1. A panel of experts is appointed by the Presidium of the Regional Soviet of People's Deputies.

2. The panel of experts reviews the quality of medical and diagnostic services the client is provided with at all stages of medical care.

3. The panel of experts concludes a contract with the insurance company and fulfills its assignments.

4. The membership of the panel of experts is established according to the Regulations of the Russian Independent Medical Board:

- specialist doctors; - representatives of the regional Soviet of trade unions; - representatives of social organizations of the insured individuals (in the case of group insurance).

FINANCES OF THE INSURANCE COMPANY IN THE CASE OF VOLUNTARY AND COMPULSORY HEALTH INSURANCE

The health insurance funds are formed by:

- budgetary funds (in the case of compulsory health insurance);

- voluntary insurance fees from enterprises and organizations;

- voluntary insurance fees from different groups of the population and individual citizens;

- charitable fees from enterprises and individual citizens.

TERMS FOR INSURANCE PAYMENTS MADE BY CLIENTS OF DIFFERENT CATEGORIES

1. Complete insurance payment made by an individual. 2. Complete insurance payment made by an enterprise or from budgetary funds.

3. Insurance payment shared by an individual and an enterprise or the State budget.

PAYMENT METHODS

1. The initial fee is no less than 70% of the sum insured at the time of concluding the insurance contract, with the subsequent distribution of the remainder over the course of the duration of the contract.

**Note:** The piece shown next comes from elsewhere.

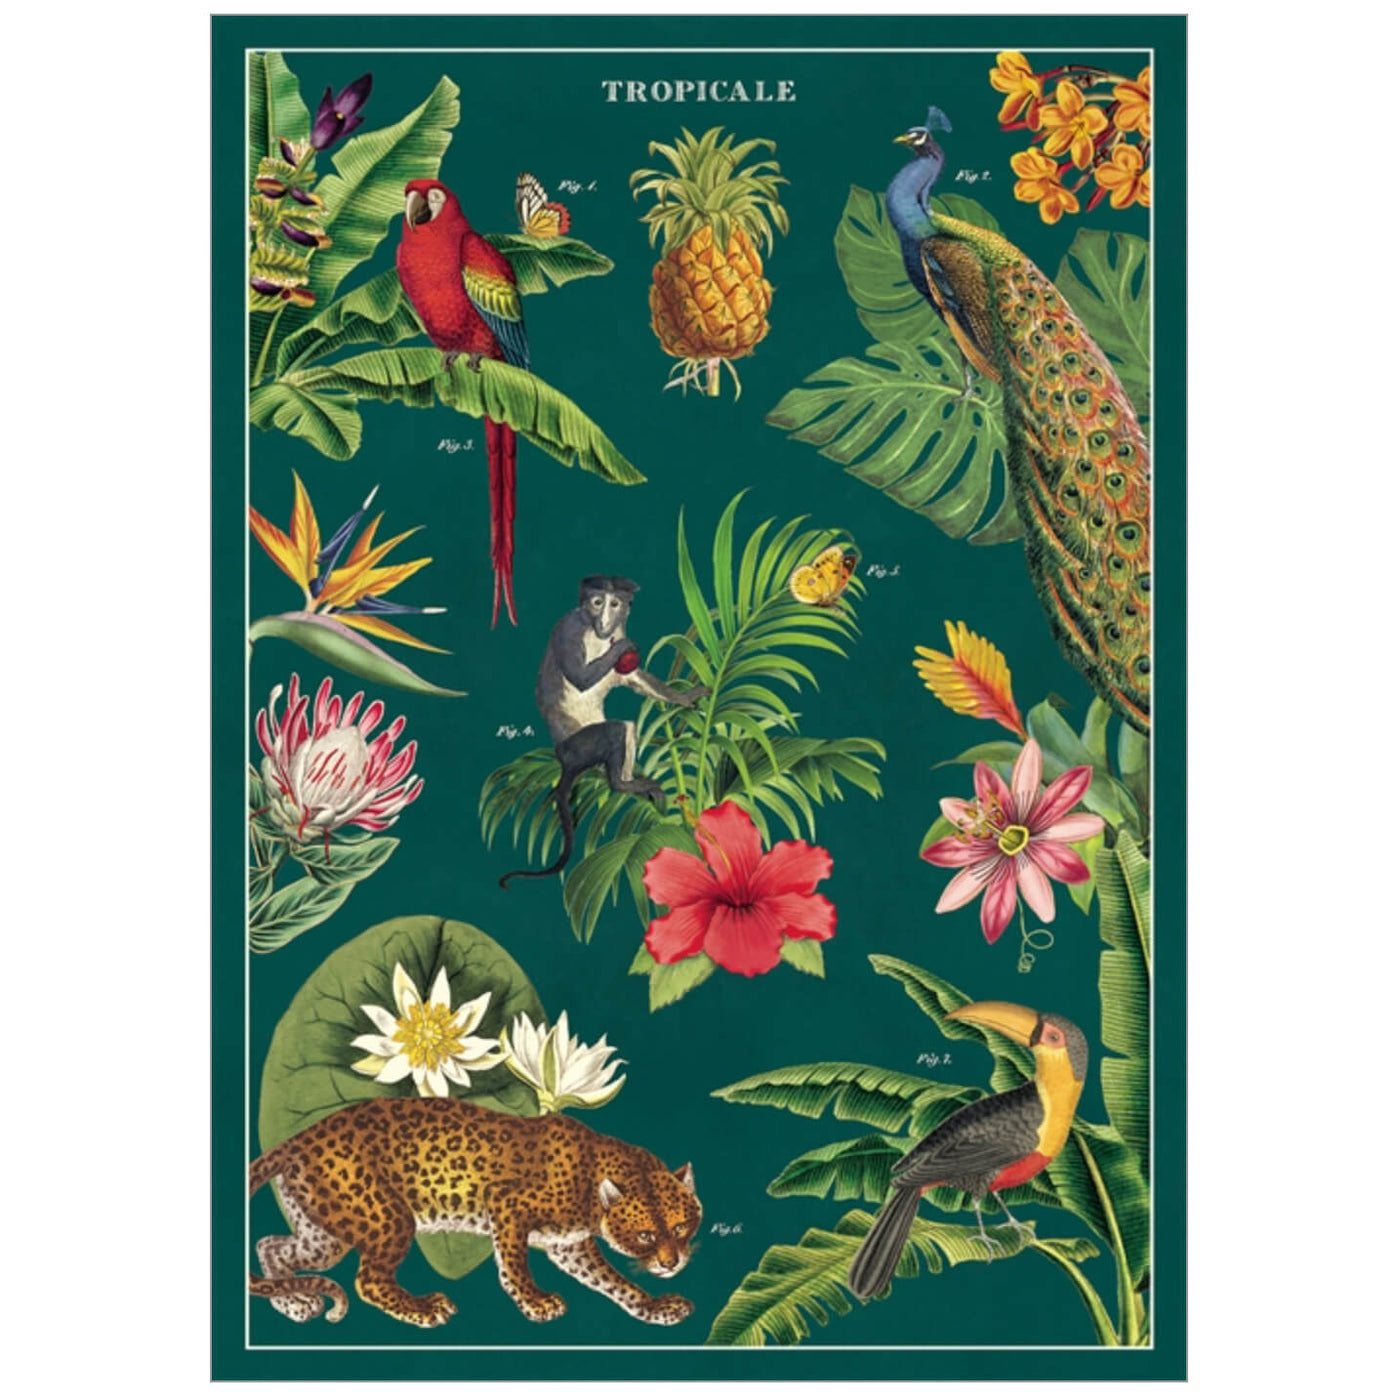 Sheet of wrap or poster with a tropical design featuring monkeys and leopards

2. Immediate payment of the total sum insured at the time of concluding the insurance contract (for 1992).

FORMS OF PAYMENT TRANSACTIONS:

- cash payments made to the insurance company; - non-cash transfers from personal bank deposits of citizens; - non- cash transfers made by enterprises and organizations, including state-owned ones;

- non-cash foreign currency transfers made by organizations and individuals to the foreign currency account of the insurance company.

FINANCIAL RELATIONSHIP BETWEEN THE INSURANCE COMPANY AND THE MEDICAL CENTRE

- payment of the accounts of medical institutions and medical centres is made at the rates fixed by the insurance company, and is determined by the extent of services provided;

- the medical centre is financed by non-cash transfers upon submission of monthly accounts to the insurance company.

The administration of the medical centre can pay non- accredited specialists, as a bonus, part of the financial funds received for services provided.

LIABILITY OF THE PARTIES

Liability of the parties is determined by contracts between: - the insured party and the insurer; and - the insurer and the medical centre.

The parties are juridically and financially liable in accordance with the legislation in force and the terms of the contract.